EU-US data protection
New 'Privacy Shield' data transfer framework a cosmetic change
The European Commission today formally presented a new legal framework for the transfer of the private data of EU citizens to the US. The new 'Privacy Shield' framework is supposed to replace the Safe Harbour decision, which was deemed illegal by the European Court of Justice. Commenting on the Commission's proposal, Green home affairs and data protection spokesperson Jan Philipp Albrecht stated:
"The new 'Privacy Shield' framework appears to amount to little more than a remarketed version of the pre-existing Safe Harbour decision, offering little more than cosmetic changes. It seems highly questionable that this new framework addresses the concerns outlined by the European Court of Justice in ruling the Safe Harbour decision illegal. The provisions on judicial redress are particularly vague. In order to guarantee an equivalent level of data protection there would need to be legislative changes in the US but this is not anticipated. As such, this framework cannot be the final say. The European Commission must push for improvements to ensure the privacy rights of EU citizens are upheld.

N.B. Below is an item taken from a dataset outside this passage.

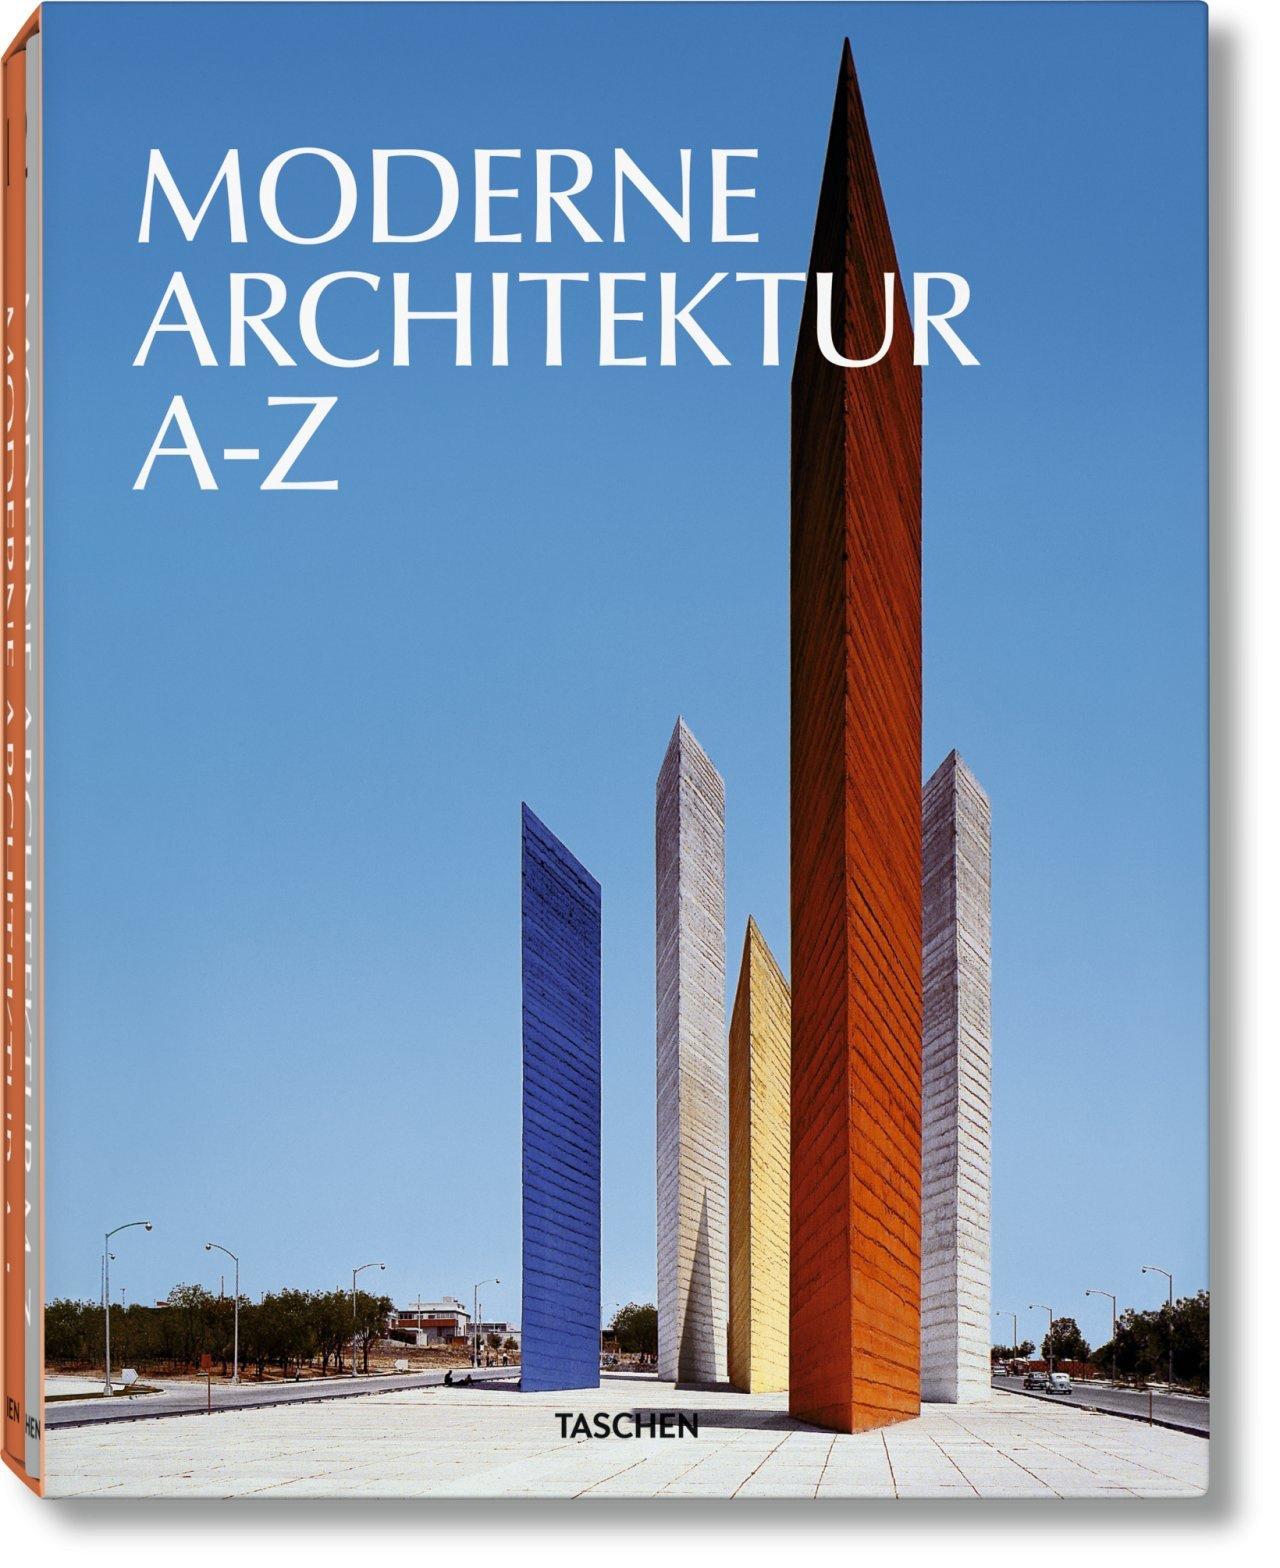 Moderne Architektur A-Z | XL Ausgabe

"In the US, there is no data protection equivalent to that under EU law primarily because the US has no general data protection rules for consumers. The Commission should insist that this is finally introduced. This is also relevant for the EU's revised data protection rules, which will come into force in 2018. Against this background, it is essential that 'Privacy Shield' is limited to two years and that a new framework is negotiated once the new EU rules on data protection come into force."